***** SOURCE MATERIAL *****
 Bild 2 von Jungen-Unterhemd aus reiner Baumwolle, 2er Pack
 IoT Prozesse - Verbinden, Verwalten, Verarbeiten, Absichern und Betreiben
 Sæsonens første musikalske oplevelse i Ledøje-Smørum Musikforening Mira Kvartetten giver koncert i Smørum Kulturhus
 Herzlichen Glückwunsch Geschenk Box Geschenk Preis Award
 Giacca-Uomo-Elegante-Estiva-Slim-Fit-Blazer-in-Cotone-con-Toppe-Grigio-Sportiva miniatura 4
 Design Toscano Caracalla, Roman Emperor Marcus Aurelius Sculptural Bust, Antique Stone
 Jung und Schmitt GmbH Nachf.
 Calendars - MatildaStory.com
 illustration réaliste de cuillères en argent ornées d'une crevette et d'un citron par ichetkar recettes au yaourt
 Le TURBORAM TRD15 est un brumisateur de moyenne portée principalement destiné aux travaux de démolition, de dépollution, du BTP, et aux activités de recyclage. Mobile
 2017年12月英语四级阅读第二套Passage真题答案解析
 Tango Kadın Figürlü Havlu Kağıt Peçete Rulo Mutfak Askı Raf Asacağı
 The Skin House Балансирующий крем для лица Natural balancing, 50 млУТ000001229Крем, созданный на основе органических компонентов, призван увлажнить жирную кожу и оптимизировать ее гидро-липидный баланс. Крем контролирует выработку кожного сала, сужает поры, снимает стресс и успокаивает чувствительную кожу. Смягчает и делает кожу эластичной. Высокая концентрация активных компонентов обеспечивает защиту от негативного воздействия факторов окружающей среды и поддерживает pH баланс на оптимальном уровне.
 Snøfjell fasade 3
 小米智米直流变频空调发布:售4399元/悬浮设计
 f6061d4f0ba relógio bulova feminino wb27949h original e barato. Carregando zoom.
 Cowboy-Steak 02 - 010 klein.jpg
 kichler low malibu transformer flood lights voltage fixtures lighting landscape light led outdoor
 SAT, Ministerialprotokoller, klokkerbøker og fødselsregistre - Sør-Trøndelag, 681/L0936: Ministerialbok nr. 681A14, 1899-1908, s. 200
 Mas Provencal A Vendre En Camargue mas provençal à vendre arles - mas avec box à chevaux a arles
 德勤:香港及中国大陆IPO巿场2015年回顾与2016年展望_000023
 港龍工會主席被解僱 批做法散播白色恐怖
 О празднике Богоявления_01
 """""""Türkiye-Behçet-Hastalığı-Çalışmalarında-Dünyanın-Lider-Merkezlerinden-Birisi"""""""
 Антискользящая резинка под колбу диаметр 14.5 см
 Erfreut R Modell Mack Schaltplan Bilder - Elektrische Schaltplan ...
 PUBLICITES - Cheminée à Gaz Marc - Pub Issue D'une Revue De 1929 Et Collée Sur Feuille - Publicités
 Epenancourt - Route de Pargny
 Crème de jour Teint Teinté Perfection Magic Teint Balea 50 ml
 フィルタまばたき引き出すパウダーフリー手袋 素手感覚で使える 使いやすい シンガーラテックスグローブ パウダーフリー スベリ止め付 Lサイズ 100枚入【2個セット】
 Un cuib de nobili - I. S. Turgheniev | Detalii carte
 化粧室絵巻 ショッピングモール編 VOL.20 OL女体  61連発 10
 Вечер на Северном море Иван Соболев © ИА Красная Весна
*****
THE PROBLEM » If a line falls between the first line of the records and the line containing "Tango Kadın Figürlü", inclusive, repeat it exactly; leave out all others.

REPLY TO THE TASK »
 Bild 2 von Jungen-Unterhemd aus reiner Baumwolle, 2er Pack
 IoT Prozesse - Verbinden, Verwalten, Verarbeiten, Absichern und Betreiben
 Sæsonens første musikalske oplevelse i Ledøje-Smørum Musikforening Mira Kvartetten giver koncert i Smørum Kulturhus
 Herzlichen Glückwunsch Geschenk Box Geschenk Preis Award
 Giacca-Uomo-Elegante-Estiva-Slim-Fit-Blazer-in-Cotone-con-Toppe-Grigio-Sportiva miniatura 4
 Design Toscano Caracalla, Roman Emperor Marcus Aurelius Sculptural Bust, Antique Stone
 Jung und Schmitt GmbH Nachf.
 Calendars - MatildaStory.com
 illustration réaliste de cuillères en argent ornées d'une crevette et d'un citron par ichetkar recettes au yaourt
 Le TURBORAM TRD15 est un brumisateur de moyenne portée principalement destiné aux travaux de démolition, de dépollution, du BTP, et aux activités de recyclage. Mobile
 2017年12月英语四级阅读第二套Passage真题答案解析
 Tango Kadın Figürlü Havlu Kağıt Peçete Rulo Mutfak Askı Raf Asacağı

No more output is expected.